Work instruction:
Match on the string "White" in the entries below and return every matching line.

Data shown:
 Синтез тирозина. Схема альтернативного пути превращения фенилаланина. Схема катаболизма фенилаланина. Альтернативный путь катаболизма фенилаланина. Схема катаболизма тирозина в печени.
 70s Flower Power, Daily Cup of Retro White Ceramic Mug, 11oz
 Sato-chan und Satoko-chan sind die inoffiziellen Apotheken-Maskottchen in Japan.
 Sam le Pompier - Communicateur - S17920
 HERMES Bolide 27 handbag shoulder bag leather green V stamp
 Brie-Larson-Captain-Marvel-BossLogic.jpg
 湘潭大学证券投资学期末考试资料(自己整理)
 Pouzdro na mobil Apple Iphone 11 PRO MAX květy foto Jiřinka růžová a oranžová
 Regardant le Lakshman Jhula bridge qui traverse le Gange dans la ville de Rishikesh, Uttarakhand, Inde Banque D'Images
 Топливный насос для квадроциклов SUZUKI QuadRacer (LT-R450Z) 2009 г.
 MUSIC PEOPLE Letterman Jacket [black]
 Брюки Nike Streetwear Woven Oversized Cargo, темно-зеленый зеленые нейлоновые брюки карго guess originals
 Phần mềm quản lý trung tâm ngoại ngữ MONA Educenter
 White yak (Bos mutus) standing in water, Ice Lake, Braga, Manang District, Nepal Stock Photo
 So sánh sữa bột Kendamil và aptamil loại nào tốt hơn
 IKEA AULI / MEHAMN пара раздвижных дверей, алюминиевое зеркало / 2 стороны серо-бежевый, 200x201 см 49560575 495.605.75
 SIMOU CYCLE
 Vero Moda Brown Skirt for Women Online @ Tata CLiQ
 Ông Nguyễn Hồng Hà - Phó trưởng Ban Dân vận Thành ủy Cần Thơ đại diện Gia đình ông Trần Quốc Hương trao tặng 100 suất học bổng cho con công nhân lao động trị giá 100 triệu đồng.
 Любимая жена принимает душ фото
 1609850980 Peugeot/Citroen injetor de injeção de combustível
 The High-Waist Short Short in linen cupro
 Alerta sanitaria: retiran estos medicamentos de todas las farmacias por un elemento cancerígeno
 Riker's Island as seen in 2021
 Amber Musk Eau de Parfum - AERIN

Written reply:
 70s Flower Power, Daily Cup of Retro White Ceramic Mug, 11oz
 White yak (Bos mutus) standing in water, Ice Lake, Braga, Manang District, Nepal Stock Photo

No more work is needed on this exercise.